Pepper plants are somewhat drought tolerant (especially Hot Peppers), but lack of water can affect fruiting, so they should be kept moist for best production. Drip irrigation works well with Peppers.

Sweet Peppers are particularly vulnerable to water stress when fruiting, so keep the soil evenly moist. If not given enough water, the fruits can develop a slightly bitter flavor (and may get Blossom End Rot).

Don't leave water on the leaves overnight as this encourages disease.

Fertilizer Needs

Heavy

Low nitrogen. High potassium. High phosphorus. Peppers are fairly hungry plants and require lots of phosphorus and potassium, but not too much nitrogen (which may result in big vigorous plants, but few fruits).

Side Dressing, after transplanting

Compost tea, 2 cup(s) per plant, after transplanting, every 3 weeks

It’s a good idea to feed the plants with compost tea or liquid kelp, after they have recovered from transplanting. After that, give the plants a regular feeding of compost tea every 3 weeks, and be sure to do so when flowering and producing fruit.

Pruning, when 6in tall

when 6in tall, 1 time

Some gardeners pinch out the growing tip when the plant is about 6" tall to encourage bushy, branching growth.

Watering, before flowering

Water, 3 quart(s), before flowering, 2 times a week

The plants should be given all the water they need on a regular basis. This means checking the soil every few days and watering until it is thoroughly moist.

Watering also depends on your local weather; don't water if it's raining, or water more frequently if it's dry. Just be sure to keep soil moist for the best crop. The best way to know how much moisture is in your soil is to feel 1" below the soil line. If it's dry, water.

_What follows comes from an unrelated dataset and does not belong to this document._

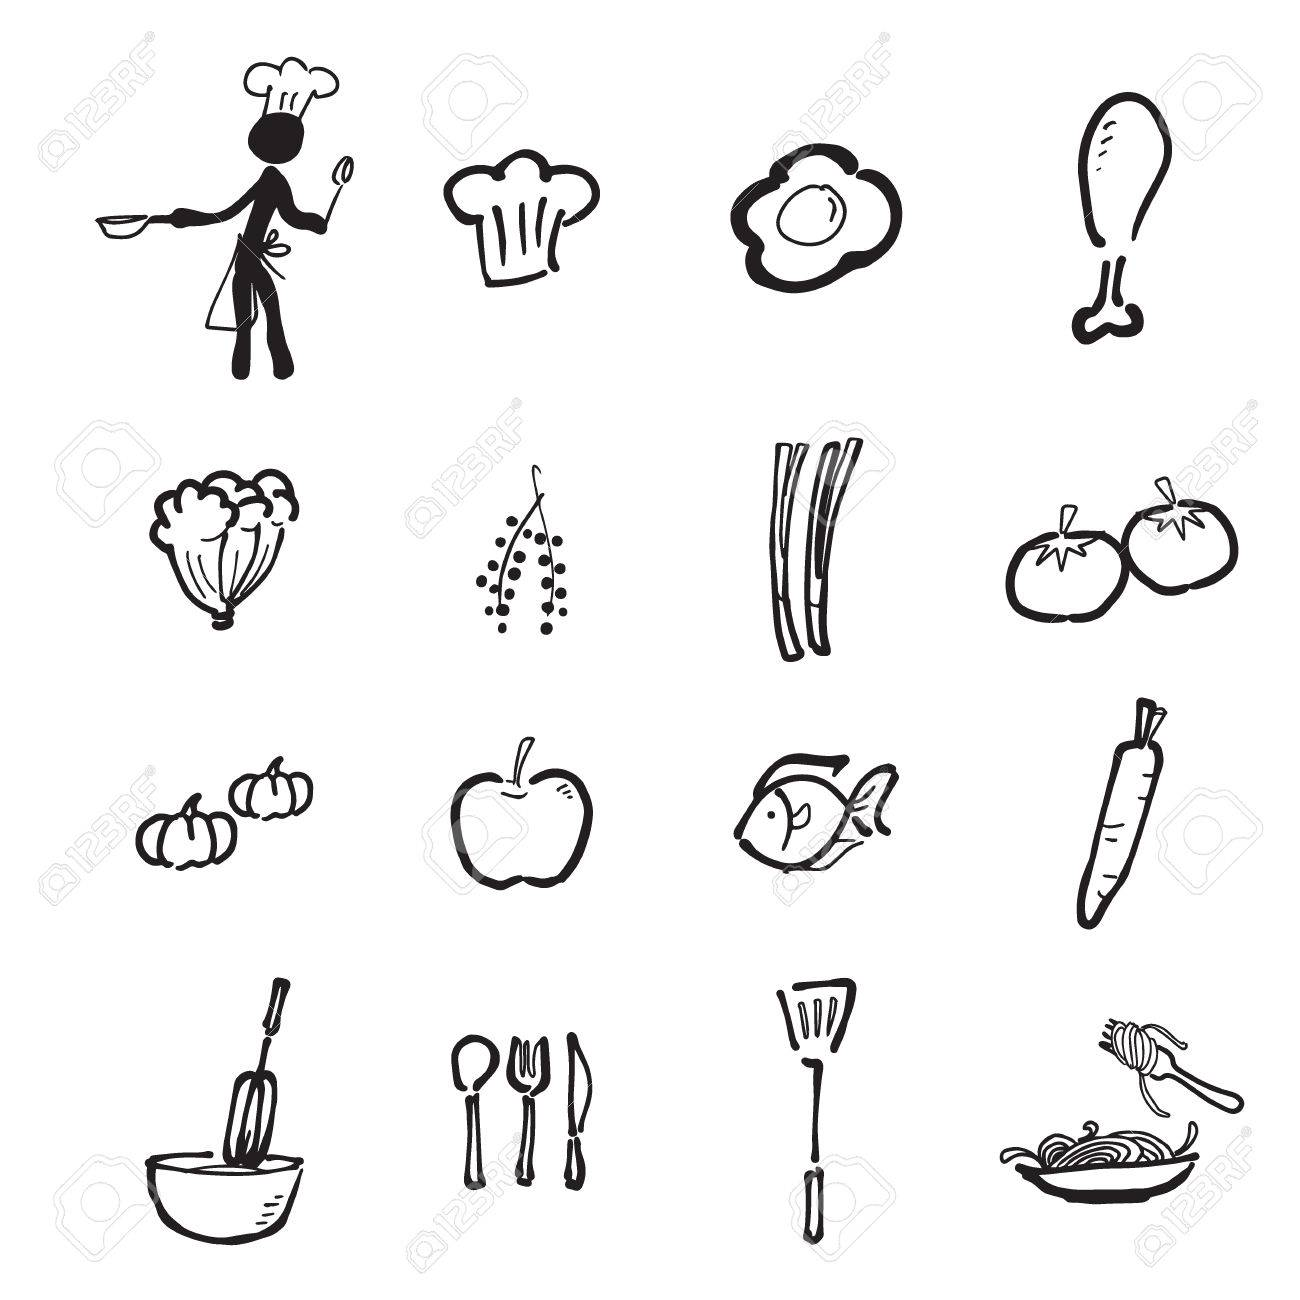 Chef Et Bande Dessinee De Cuisine Dessin Clip Art Libres De Droits

Side Dressing, at flowering

Mulch, 2 inch(es), at flowering, 1 time

Mulch is helpful to conserve moisture and to keep down weeds around these shallow rooted crops.

Be aware that mulch insulates the soil, so don’t apply it until the soil is warm (65º to depth of 4"). Ideally wait until the plants are flowering.

Watering, after flowering

Water, 3 quart(s), after flowering, 2 times a week

The plants must never be short of water while they are flowering and producing fruit. Make sure the soil is constantly moist, as they have a greater need for water at this time. 

Support

No

Though staking isn't usually needed, it is sometimes helpful to keep the plants upright and to keep fruit off the ground. If your plants start to lean you should put in a sturdy stake several inches away from stem.